2. Coca-Cola vs. Pepsi

During major events such as the Super Bowl, those brands pull out all the stops. Coke has typically gotten the edge over Pepsi by leaning on nostalgia and feel-good storytelling.

Pepsi’s weightier tone can fall flat and lead to Coke earning more sustained SOV across the channels.

3. Apple vs. Samsung

Apple does not inundate the market with ads. Instead, it hypes up by staying silent and encouraging speculation. All launches are media events.

Samsung responds with lots of ad spend and tech specs. It’s competitive in paid SOV, but tends to lag in organic chatter and press buzz.

Conclusion

If you’re not monitoring your Share of Voice, you’re flying blind in a hurricane of chatter. “It’s not just a feel-good metric, it’s the difference between relevance and oblivion.”

Then use your SOV to measure success, right your course and ensure your message isn’t falling on deaf ears. It’s a reflection of your brand’s presence, power and potential. And in a crowded field, that looking glass might be the most important one you ever peer into.

FAQs

1. What is a good Share of Voice percentage?

A good standard SOV is 10-20%, or if your industry is very fragmented, maybe even higher is okay. If market domination is something you’re aspiring to, you may need to throw out figures in the 30% or more range.

2. What is 100% Share of Voice?

It means you’re the only voice in the room on whom measurements are being taken essentially you own the conversation. This is uncommon and generally only exists in hyper-niche markets or monopolistic conditions.

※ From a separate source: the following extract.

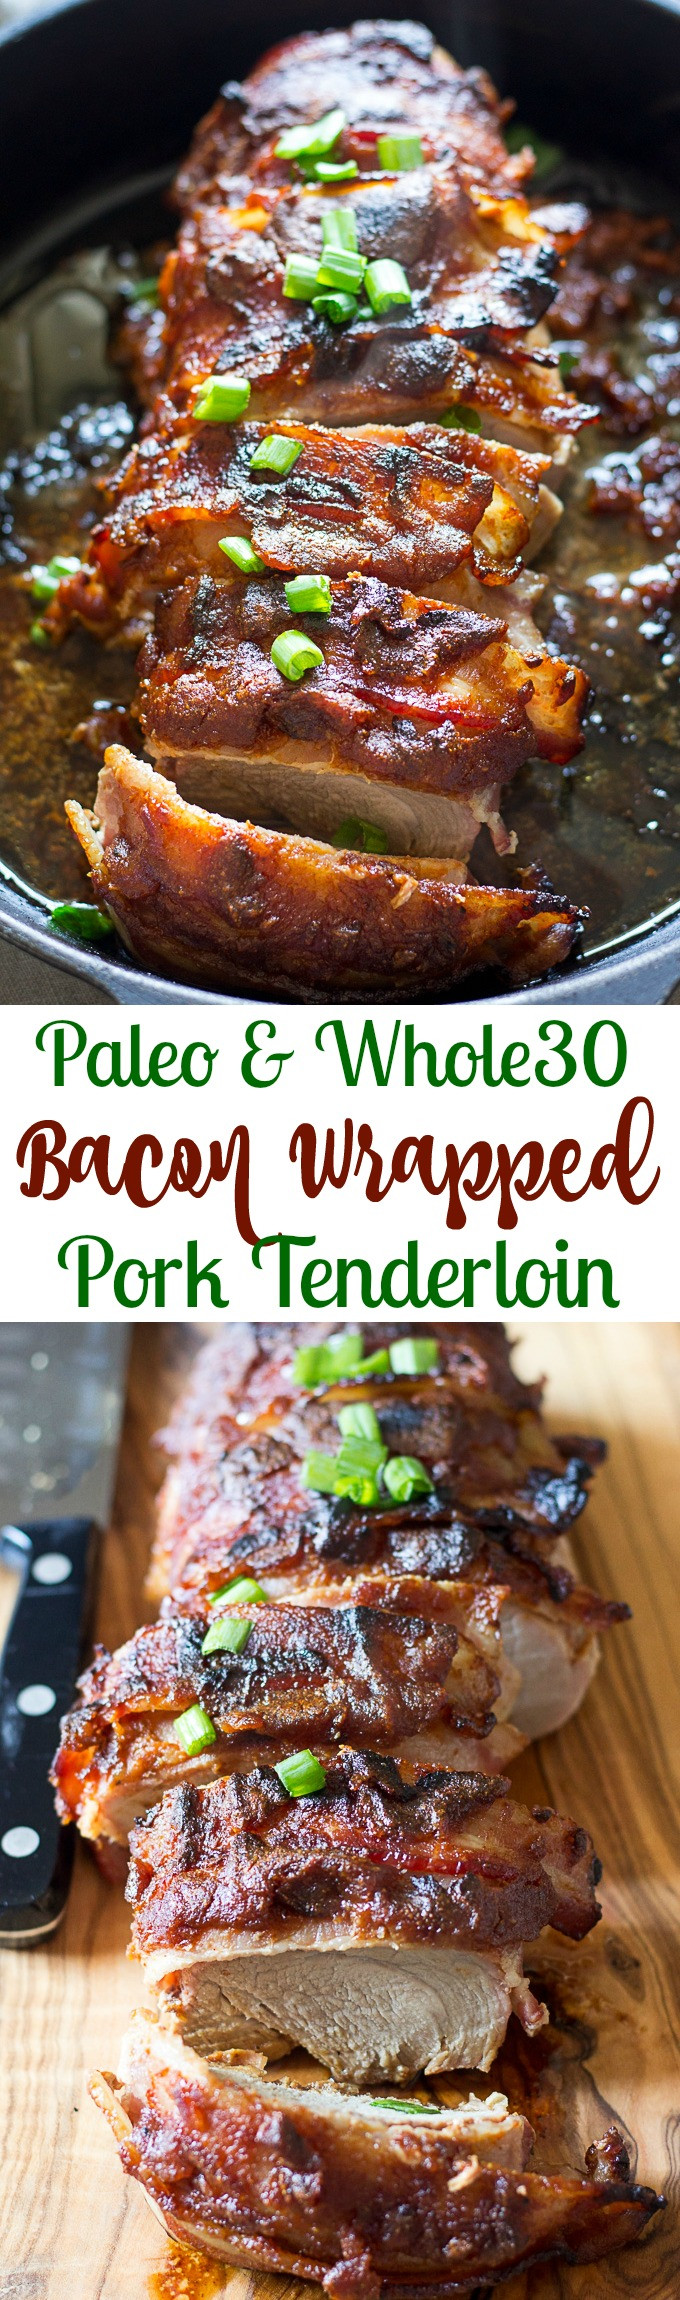 Paleo Pork Tenderloin
 Paleo and Whole30 Bacon Wrapped Pork Tenderloin

3. What is the Share of Voice in PR?

It’s the rate at which your brand is mentioned in media compared to others in PR. It is a yardstick of influence, prestige and presence in public discourse.

4. What is an example of high Share of Voice?

When the share of voice of a brand is larger than its share of market, it is termed as an excess share of voice. It’s frequently a move of strategy brands like Spotify or Tesla over-index on attention in order to drive future sales.